Há quem diga que no Brasil não há diferenças de estações. Ainda assim, o outono se insinua no tempo mais seco, que traz belos céus azuis, e no ar mais fresco, prenúncio do recolhimento do inverno. As folhas que caem são um símbolo dessa temporada. E é de um tipo especial de folha que eu gostaria de falar –a do chá, que tão bem combina com as temperaturas mais amenas.
Segundo uma antiga lenda chinesa, essa bebida ancestral foi descoberta por acaso, justamente quando algumas folhas caíram na água fervente do imperador Shen Nong, mais de 2.700 anos antes de Cristo. Até o chá chegar às nossas xícaras, foram milênios de rituais e vaivéns pelas rotas comerciais que cruzavam continentes, disseminando o hábito.
Hoje muitas bebidas são genericamente chamadas de “chá”, mas os puristas fazem distinção: chá, mesmo, é só a infusão das folhas da “Camellia sinensis”. Tudo o mais – camomila, erva-doce, hortelã – é “tisana”. A diferença não é apenas botânica: apenas o chá contém cafeína, embora numa concentração menor do que a do café. Por isso é, ao mesmo tempo, estimulante e relaxante. Combinação que, não por acaso, fez dele um aliado da meditação em diversas tradições orientais.

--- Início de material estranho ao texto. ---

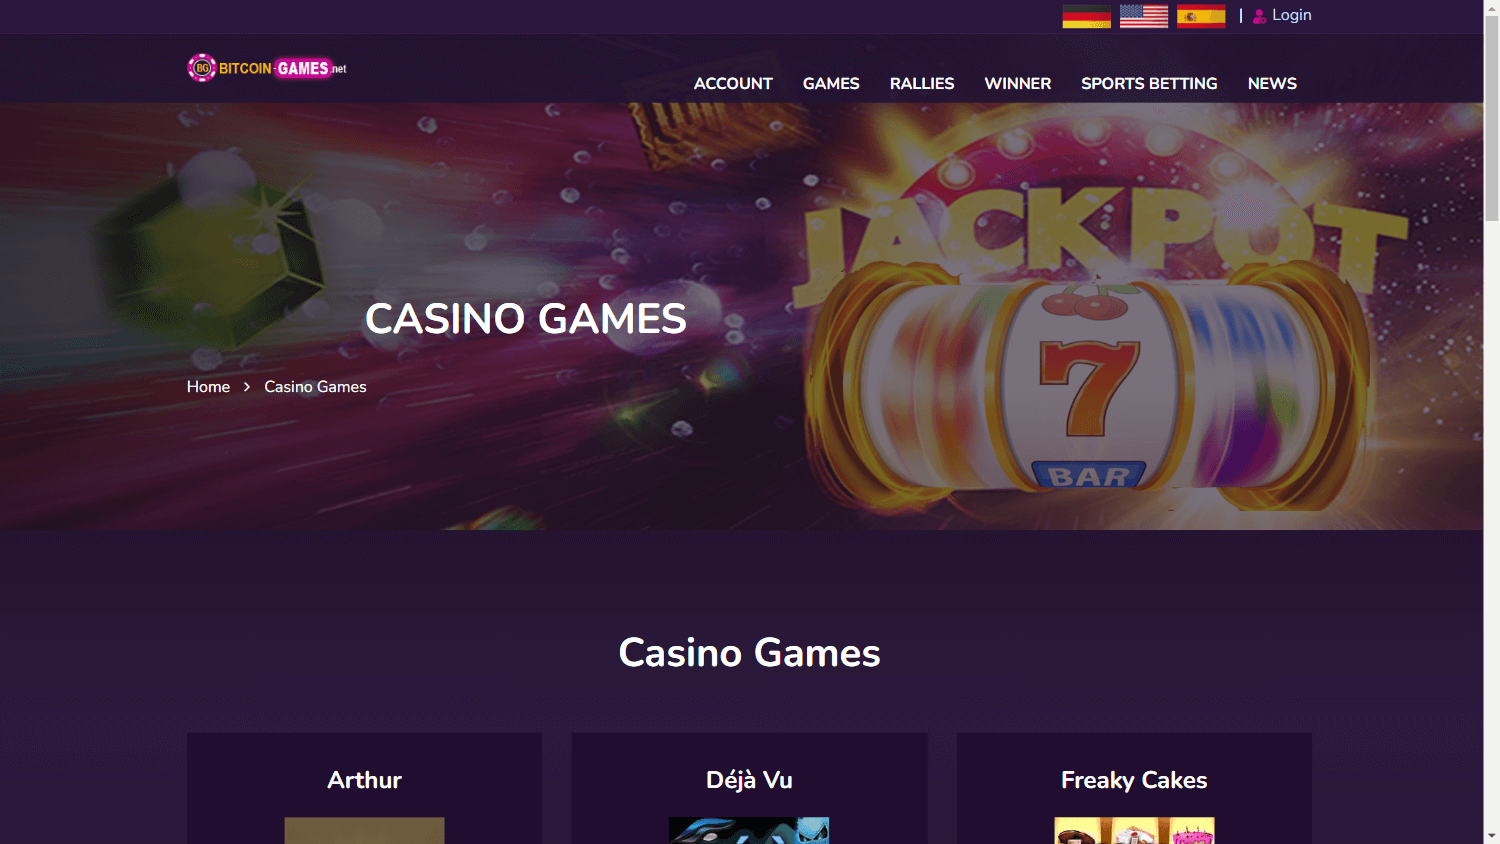 bitcoin_games_net_casino_homepage_desktop

O Japão talvez tenha levado esse aspecto ao ápice na cerimônia do chá. Originalmente ligada ao zen-budismo, essa prática de preparar e servir o chá convida ao silêncio, à atenção plena e ao acolhimento do outro. Já na China, onde tudo começou, beber chá é um hábito cotidiano, mas não por isso menos cercado de significados. Há rituais próprios, gestos específicos e respeito profundo pela infusão, que oferece experiências distintas de sabor e aroma, segundo as formas de processamento da folha. É isso que distingue os diferentes chás – branco, verde, preto, oolong, entre outros.
No Brasil, a planta tradicional nunca reinou absoluta. Em vez disso, nos nossos quintais, floresceu uma arte particular. Quem nunca tomou erva-doce para acalmar, ou boldo para o enjoo? Há folhas para todo propósito: capim-santo para dormir melhor, goiabeira para a febre, camomila para a ansiedade. O “chazinho da vovó” pode não ser “chá”, mas oferece igual conforto.

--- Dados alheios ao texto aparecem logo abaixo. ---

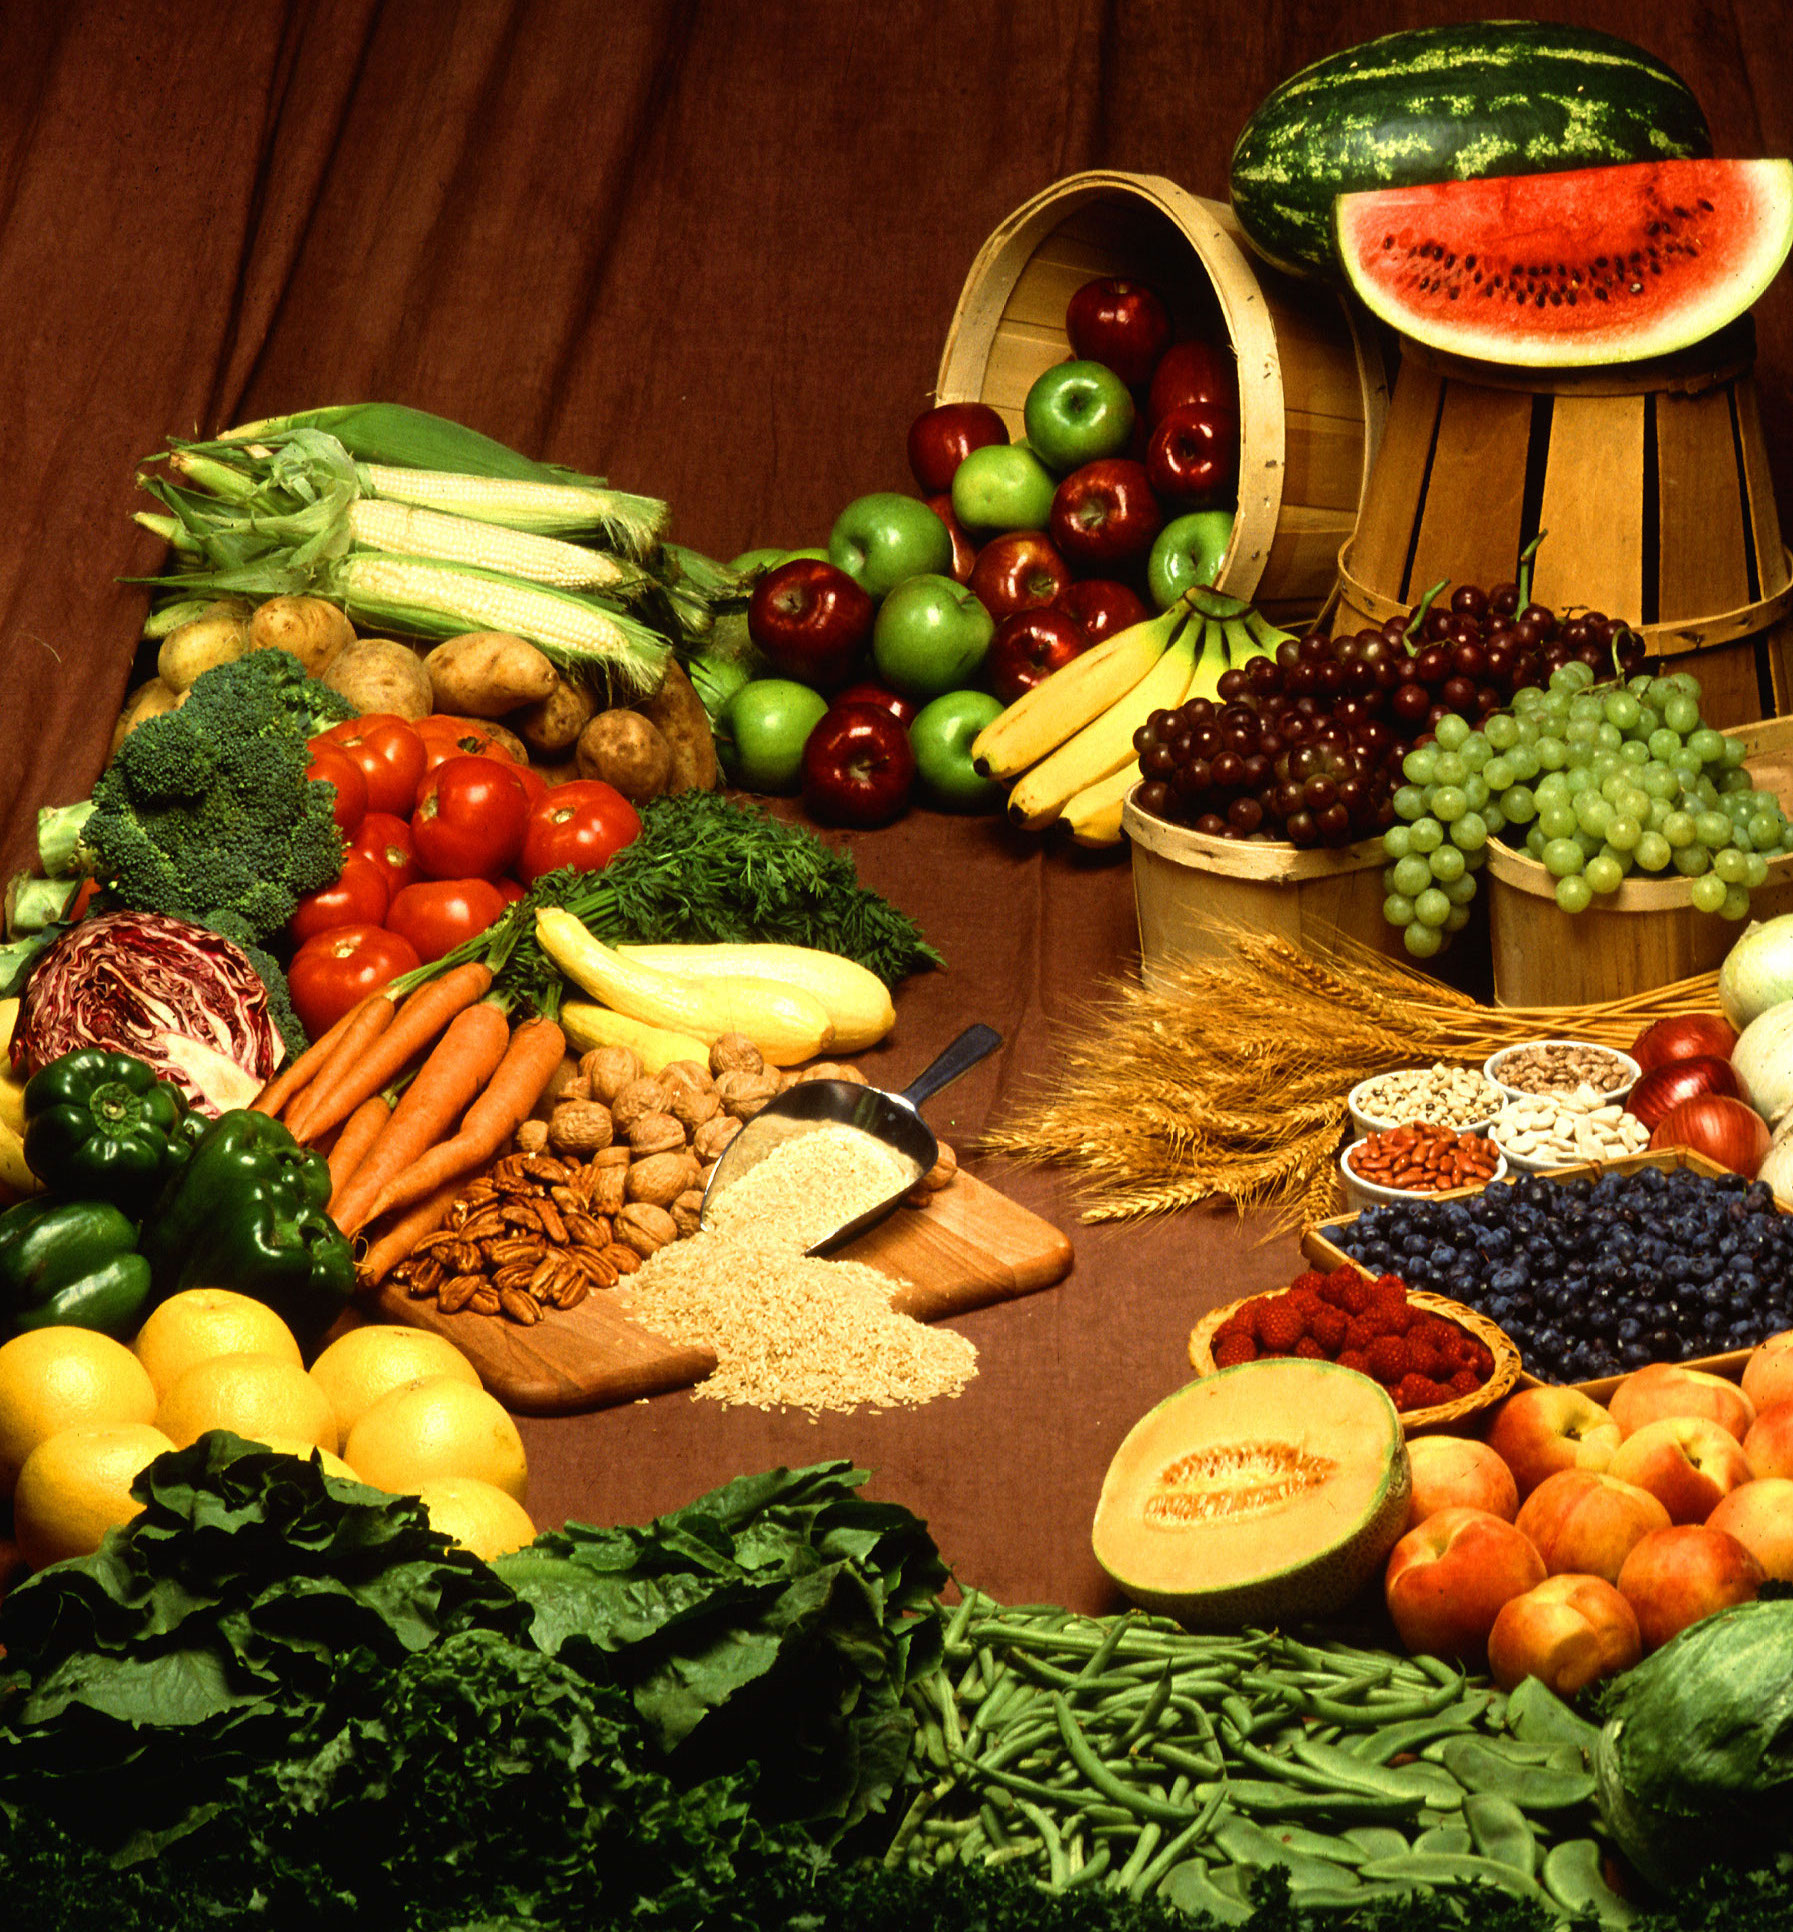 Plein de légumes et fruits sur une table en bois

Curiosamente, no tempo da Corte portuguesa o chá, aquele “verdadeiro”, até ganhou certo status por aqui. Conta-se que, no Rio de Janeiro do século 19, as damas procuravam imitar a nobreza britânica servindo chá ao final da tarde, costume trazido por Dona Carlota Joaquina. Dizem que os pretendentes eram submetidos a longas esperas para acompanhar as moças esses eventos – e daí nasceu a expressão “chá de cadeira”.
Muito além de uma herança cultural, o chá é valorizado até hoje. É a segunda bebida mais consumida no planeta, perdendo apenas para a água. Produzido sobretudo na Ásia e na África, ele mantém seu lugar não só pela tradição, mas porque nos dá o que mais buscamos no dia a dia: uma pausa.
Mesmo se nem sempre notamos a mudança das estações, há uma sabedoria em permitir que o corpo se acomode à sua passagem. Então, quando o outono sacudir as folhas das árvores, lembre-se daquelas que caíram na xícara do imperador chinês e prepare uma boa caneca de chá para acompanhar a sutileza dessa transição.